2

In my application I want to provide the ability to let users replace some string data using regular expressions. The strings may contain UTF-8 encoded octets and thus regex_replace should be UTF-8 aware.

On prototyping the regex functionality I got some strange behavior as demonstrated by the following program:

#include <iostream>
#include <string>
#include <regex>
int main() {
    std::locale::global(std::locale("en_US.UTF-8"));
    std::string origStr = u8"Süße Grüße aus Österreich wünschen FLÜSSE!";
    std::string patternStr = u8"\\w+";
    std::string replaceStr = u8"_$1_";
    std::cout << "REPLACE '" << patternStr << "' with '" << replaceStr << "' in '" << origStr << "'" << std::endl;

    std::cout << "C++ STL:" << std::endl;
    std::regex pattern(patternStr, std::regex_constants::ECMAScript);
    std::cout << std::regex_replace(origStr, pattern, replaceStr) << std::endl;

    std::cout << "C++ STL with icase:" << std::endl;
    std::regex patternIcase(patternStr, std::regex_constants::ECMAScript | std::regex_constants::icase);
    std::cout << std::regex_replace(origStr, patternIcase, replaceStr) << std::endl;
}

Output:

REPLACE '\w+' with '_$1_' in 'Süße Grüße aus Österreich wünschen FLÜSSE!'
C++ STL:
__ __ __ __ __ __!
C++ STL with icase:
__üß__ __üß__ __ Ö__ __ü__ __Ü__!

The first result line is what's expected. The second line, however, is not. The flag std::regex_constants::icase seems to prevent \w from matching UTF-8 characters. Why is this happening?

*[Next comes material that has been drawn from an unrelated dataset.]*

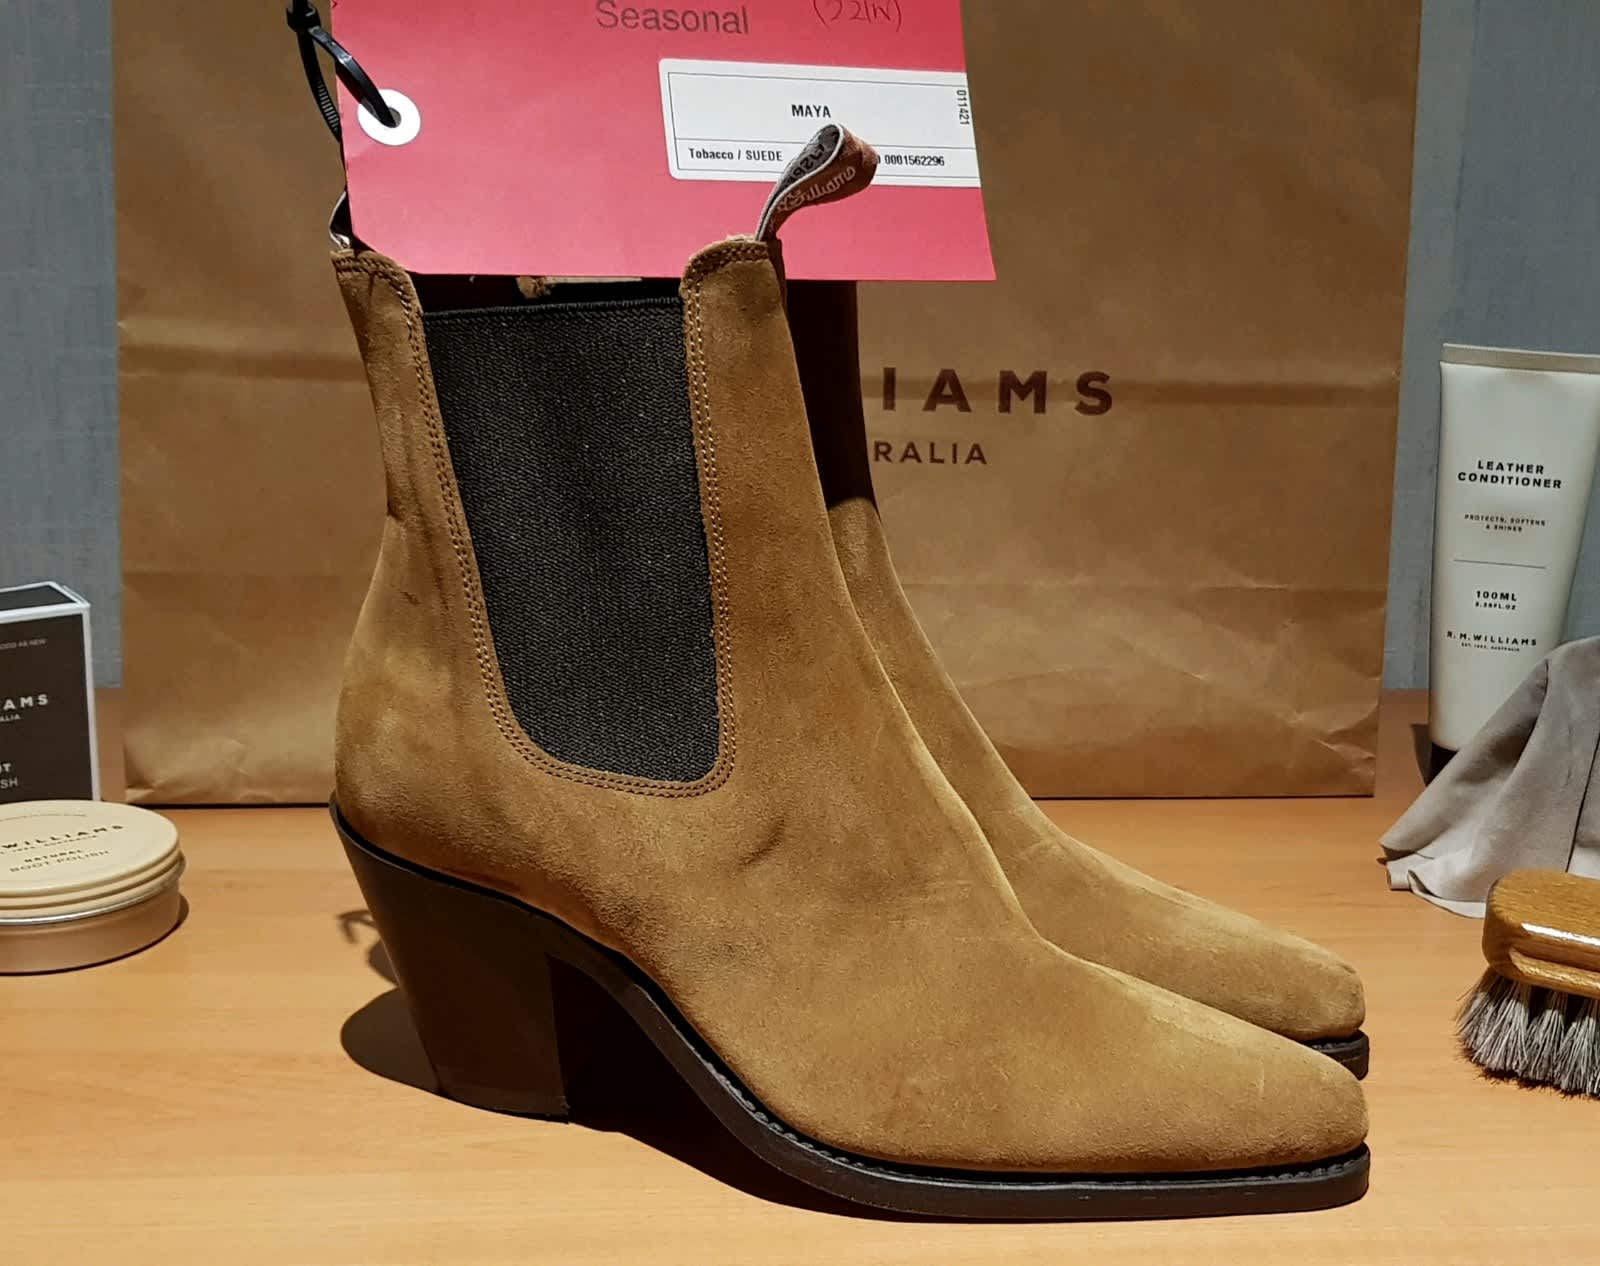 R.M.Williams - Our new season women's boot, the Rosanna, in

I also tried using boost::regex where \w doesn't match a UTF-8 character, no matter if case is ignored or not.

Command to build and run:

g++ -std=c++14 -Wall -pedantic simple-replace.cpp -o simple-replace && ./simple-replace

I'm using macOS High Sierra, g++ -v says: Apple LLVM version 10.0.0 (clang-1000.11.45.5).

Update:

As to why this should work at all, this answer says:

You would need to test your compiler and the system you are using, but in theory, it will be supported if your system has a UTF-8 locale.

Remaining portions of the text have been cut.